Присел я чайку попить – и чай, и кофе тут редкостно дурные, ну разве сравнишь с теми, что пивал я в Париже?! – а голова словно бы на две половинки расколота. Одна стремится домой, в Россию, а другая вся поглощена тем, что в Париже видел, в чем участвовал. Одна рвется к Агафьюшке и тоскует по ней, другая…
Нет! Никакой другой быть не должно!
Первым делом, как приеду, на исповедь. Так и так, скажу, батюшка, был грех, прелюбодействовал, но то не по воле моей доброй вышло, а по наущению дьявольской силы! Батюшка грех отпустит, Господь меня простит, а вот простит ли Агафьюшка?..
А может, ей вовсе ни о чем и не сказывать? Ведь чего не ведаешь – то и не помешает?
Так размышлял я, когда мне сказали, что карета исправлена и можно ехать. Выходя в съезжую из отдельной горницы, предоставленной мне для ночлега, увидел я ямщика, рожа коего показалась мне знакомою. Ба, это ведь тот самый кучер, с которым я путешествовал, когда пробирался в Париж! Ну, конечно, с этой самой станции он и вез меня в Дерпт!
– Барин, да вы ли это?
– Здравствуй, голубчик Михайла.
– Нет, я не Михайла! Меня Феклистом звать. А Михайло – это тот, что нам с вами голову задурил.

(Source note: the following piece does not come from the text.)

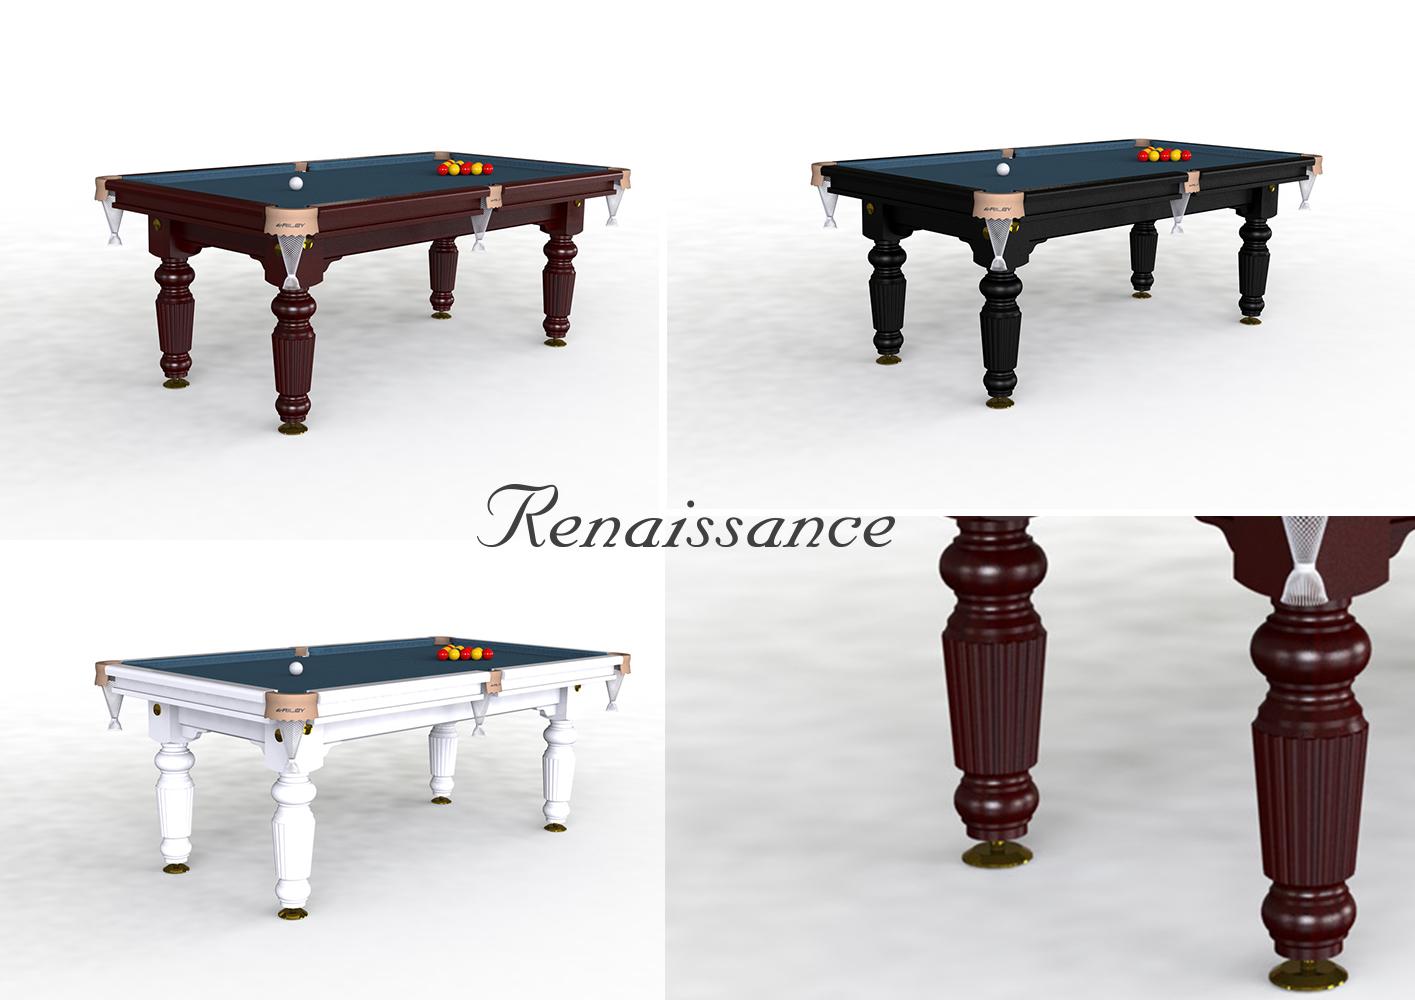 Riley Renaissance 7ft Pool Diner
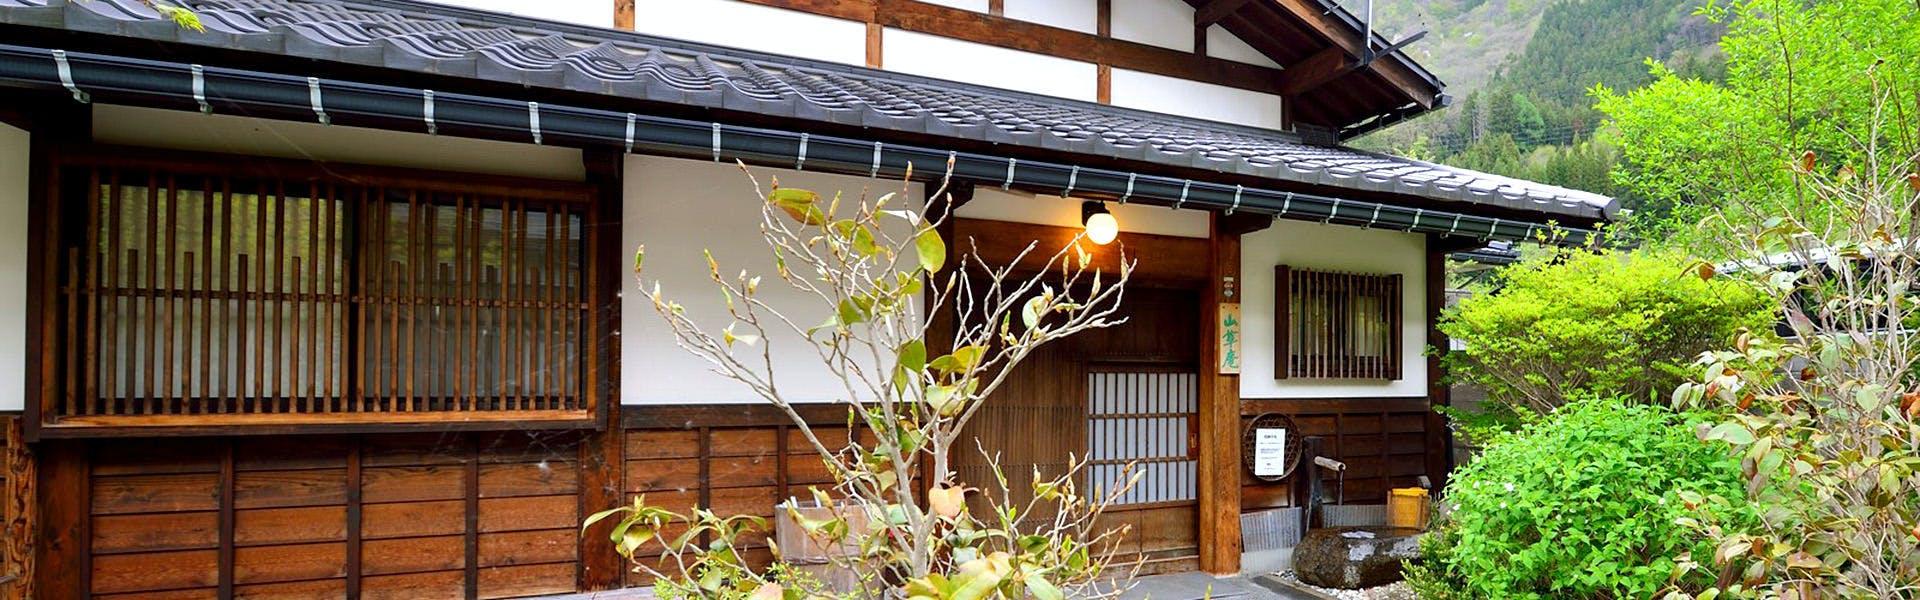 記念日におすすめのホテル・料理旅館 奥飛騨山草庵 饗家(きょうや)の写真1

– Как же задурил, скажи на милость?
– А помните ль господина, за коим вы гонялись? Ну, черный весь такой?
– Как не помнить!
– Так ведь он преставился!
– Преставился? Умер?! Откуда ты знаешь?
– Да я сам его мертвым видел.
– Вот как… значит, он тут недавно проезжал?
– Ну, нет, сюда он не возвращался и не мог воротиться. Тогда и умер, когда мы с вами за ним гонялись. А помните ли, как это было?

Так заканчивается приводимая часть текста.